Stone Mountain: Activists Want The Biggest Confederate Monument Replaced With Outkast

Stone mountain HOR

Creative Commons/Davey Borden Stone Mountain, in Georgia, has been the subject of controversy because of the confederate generals it depicts — and the background of its architect.

Stone Mountain is an enormous monadnock in Dekalb County, Georgia, which is home to the largest memorial to the Confederacy in the country. It has been subject to protests and efforts to have the 158-foot memorial depicting Confederate figures Robert E. Lee, Stonewall Jackson and Jefferson Davis removed — and those efforts have been magnified during recent events.

Debate is hot over monuments, locations and military bases named after leaders of the Confederacy. Nationwide, protests still rage over police brutality and racism, after the May 25 death of George Floyd in Minneapolis police custody.

A petition has recently been revived to have Davis, Lee and Jackson blasted from Stone Mountain’s surface and replaced with what some say are the more appropriate likenesses of legendary Atlanta rap duo Outkast.

Here’s what you need to know about Stone Mountain and the efforts to have its Confederate monument removed:


1. Work on the Monument Started in 1923 by Gutzon Borglum, Who Also Created the Mt. Rushmore Monument & Had Ties to the Ku Klux Klan

Stone Mountain 2

Creative CommonsSpectators prepare to watch a laser show at Stone Mountain in 2015.

Helen Plane, a charter member of the United Daughters of the Confederacy, first pushed for a memorial to Confederate heroes on the mountain. She contracted famed sculptor Gutzon Borglum for the initial sketches in 1915, with carving beginning in 1923, according to Stone Mountain Park’s records.

Borglum is a controversial figure in his own right. According to Smithsonian magazine, he wrote letters about his fear of a “mongrel horde” overrunning the “Nordic” purity of the West and began working with the Ku Klux Klan in 1915 — if not formally becoming a member. The monument was originally intended to include a tribute to the Klan, with members surrounding Lee in the carving, Vice reported.

Gutzon Borglum

Public domain/Unidentified photographerGutzon Borglum, sculptor of the Mt. Rushmore Monument, also began the carving of the Stone Mountain monument to the Confederacy.

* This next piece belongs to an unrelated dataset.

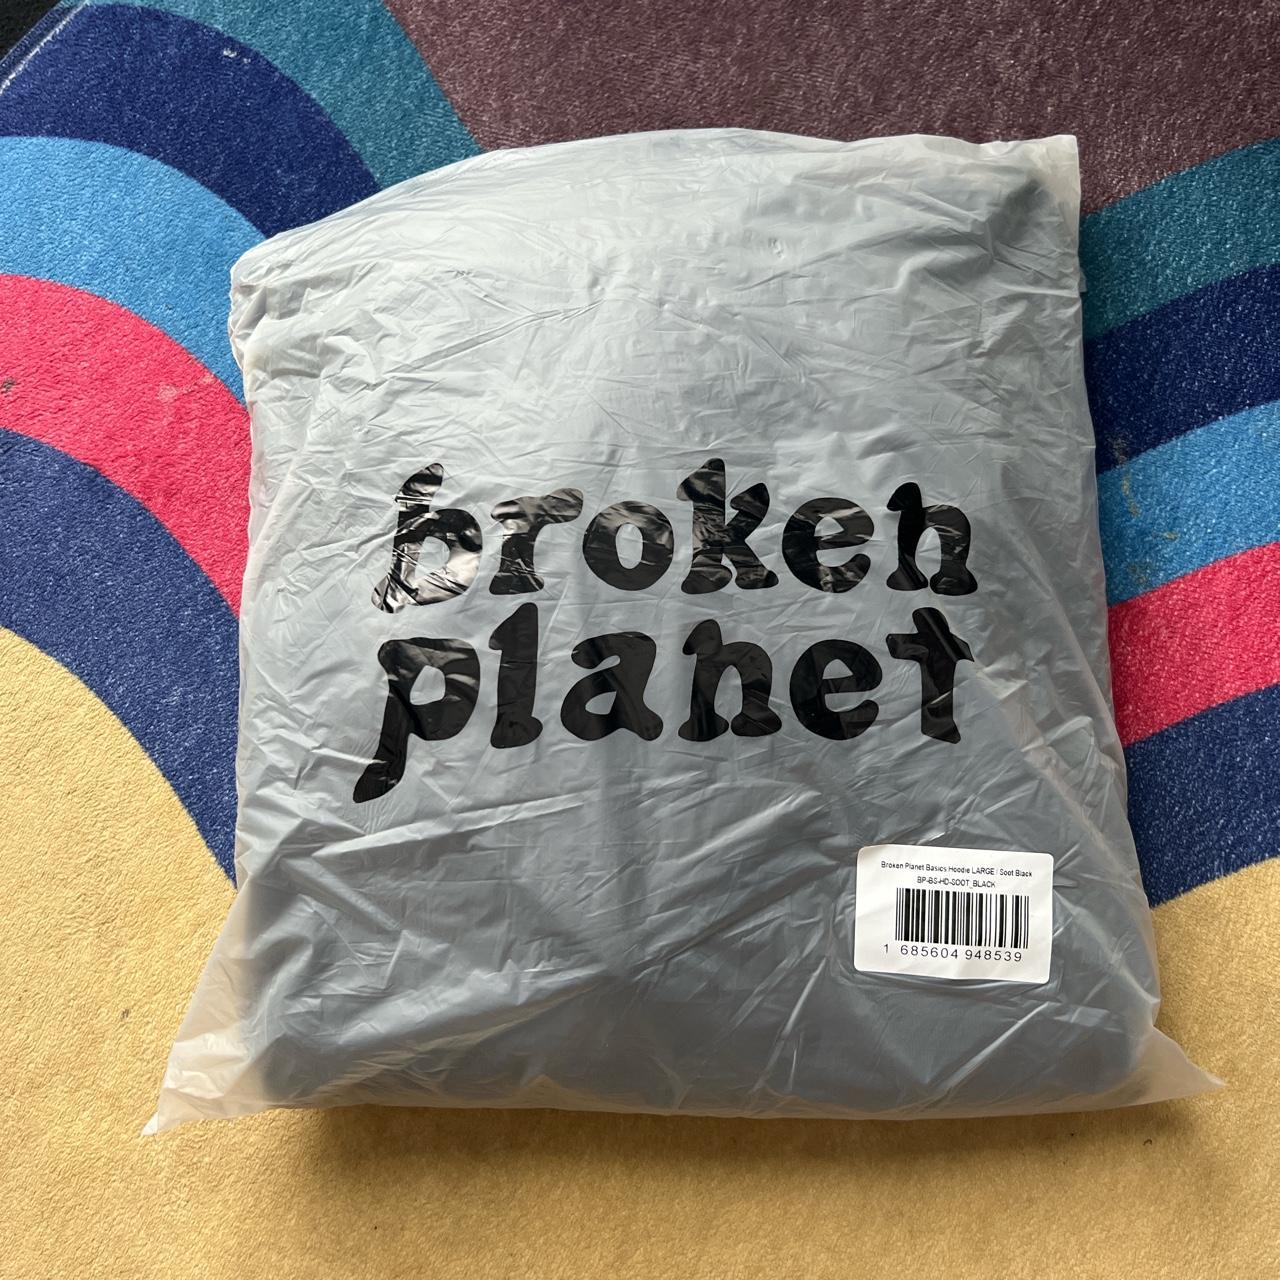 Broken planet-market-hoodie - Depop

In 1924, Borglum was thrown off the project by its backers in Atlanta, after he vented about issues with the venture in a local paper and was approached about designing the Mt. Rushmore memorial, according to the Smithsonian and Stone Mountain Park page. He had only just finished carving Robert E. Lee’s head, according to Smithsonian.

Borglum was replaced with sculptor Henry Augustus Lukeman, who worked until 1928, when the deed to the mountain reverted to its original owner, who had demanded the memorial be finished in 12 years, according to the Stone Mountain Park website.

Work resumed in 1964, after the state, led by staunchly anti-integration Governor Marvin Griffin, purchased the mountain in 1958, according to Georgia Encyclopedia. Griffin intended the new state park to be a monument to the South of the past and to stagger the civil rights movement in the region, according to historian Elizabeth Grace Hale.

“For the governor and other supporters of the new plans, the completion of the carving would demonstrate to the rest of the nation that ‘progress’ meant not black rights, but the maintenance of white supremacy,” Hale wrote, according to Smithsonian.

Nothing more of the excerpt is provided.